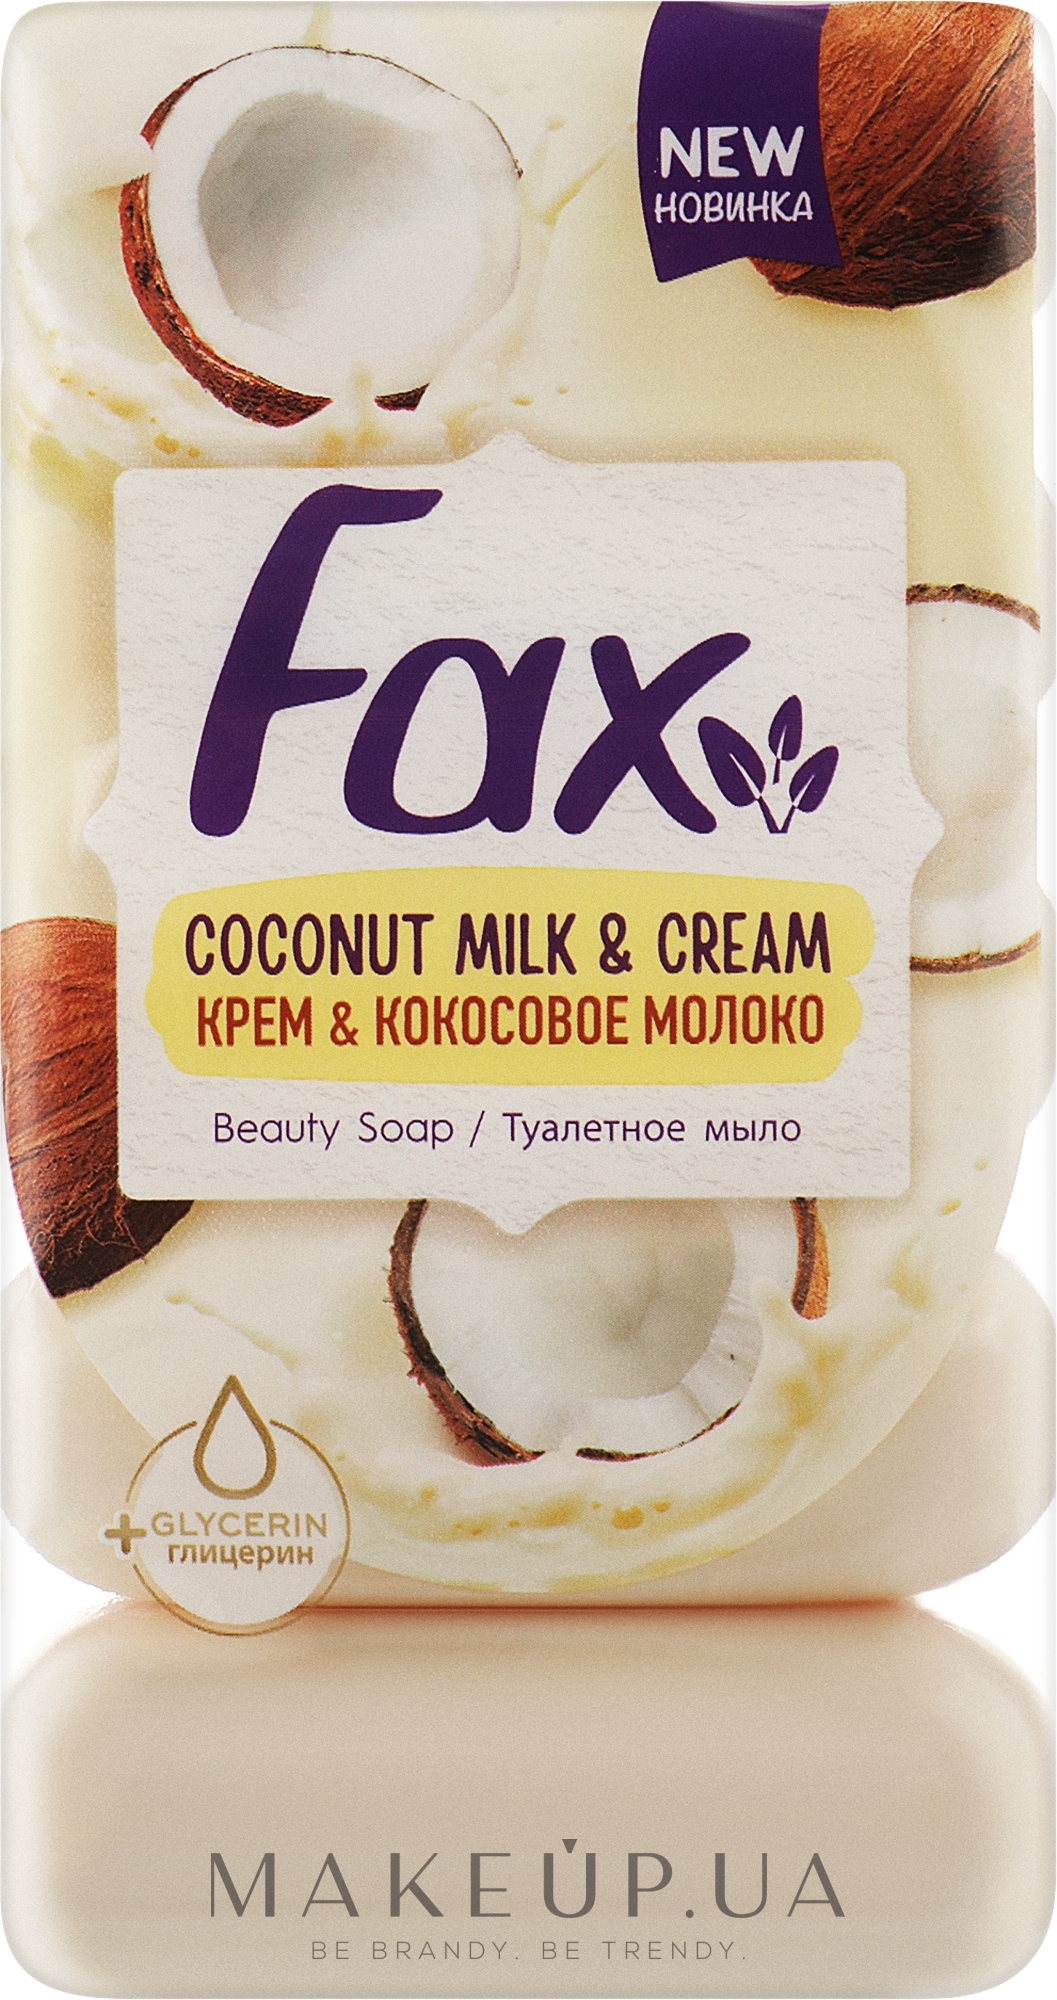 Туалетное мыло "Крем и кокосовое молоко" - Fax Coconut Milk & Cream Beauty Soap (экопак) — фото 5x70g
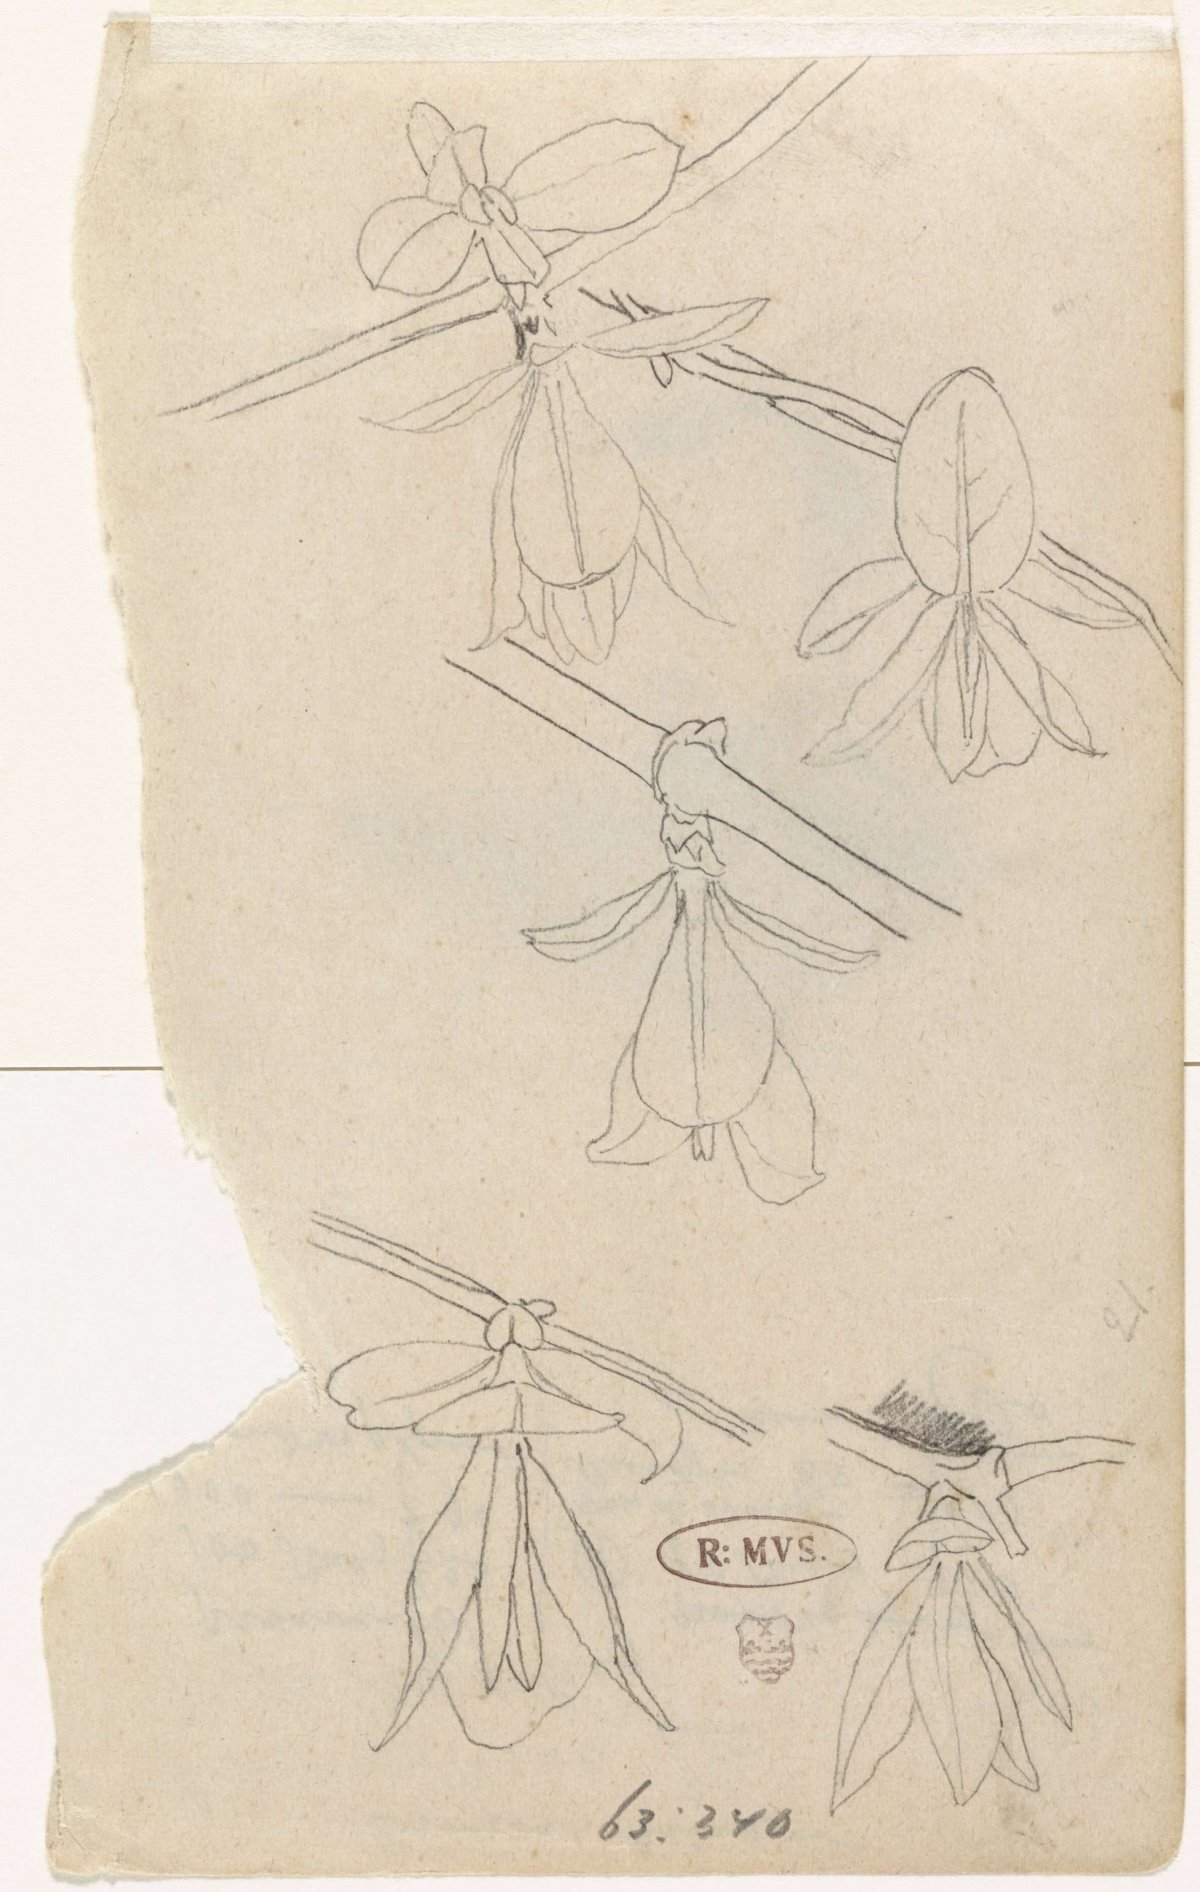 Studies of the flower of the magnolia, Gerrit Willem Dijsselhof, 1876 - 1924
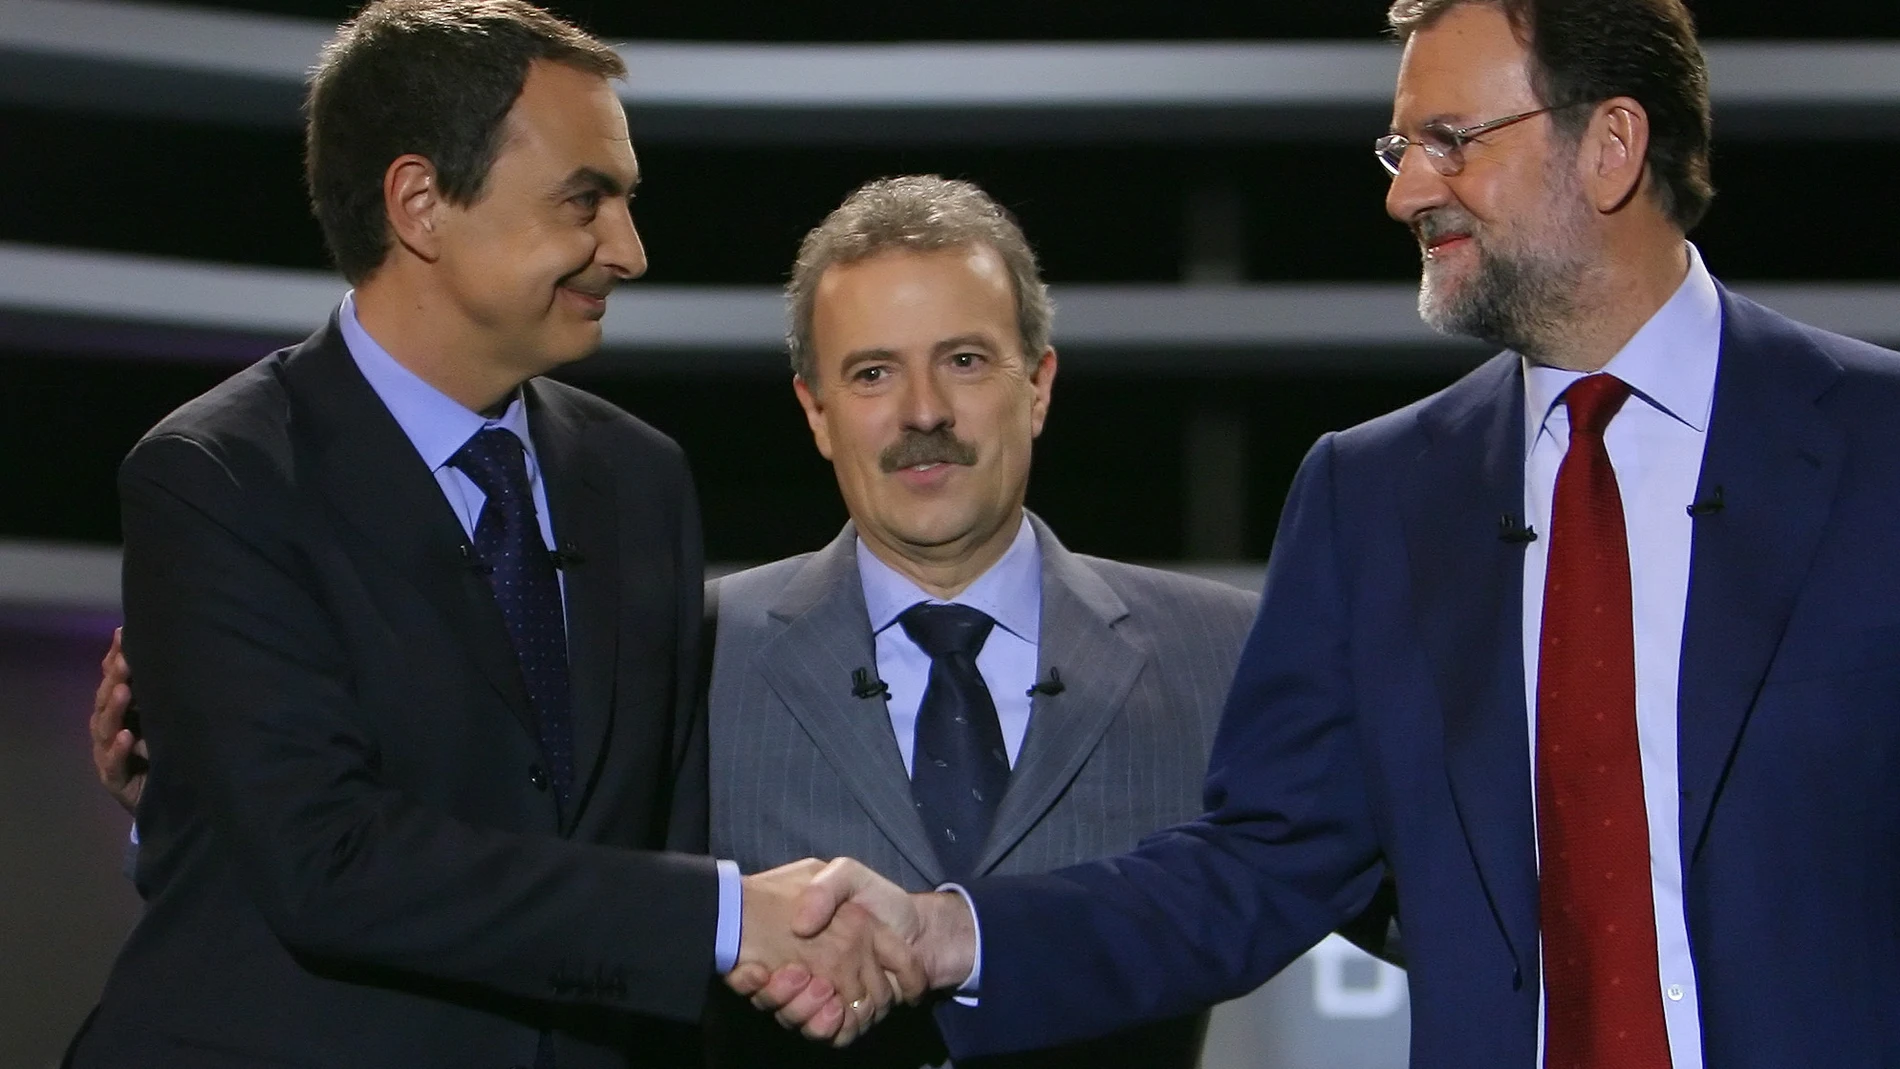 Imagen de uno de los debates electorales entre José Luis Rodríguez Zapatero y Mariano Rajoy. (Foto: Alberto R. Roldán)

__Problem to solve__
Extract every line of the data exactly; pictures stay out.

__Solution to this problem__
 Туалетное мыло "Крем и кокосовое молоко" - Fax Coconut Milk & Cream Beauty Soap (экопак) — фото 5x70g
 Studies of the flower of the magnolia, Gerrit Willem Dijsselhof, 1876 - 1924
 Imagen de uno de los debates electorales entre José Luis Rodríguez Zapatero y Mariano Rajoy. (Foto: Alberto R. Roldán)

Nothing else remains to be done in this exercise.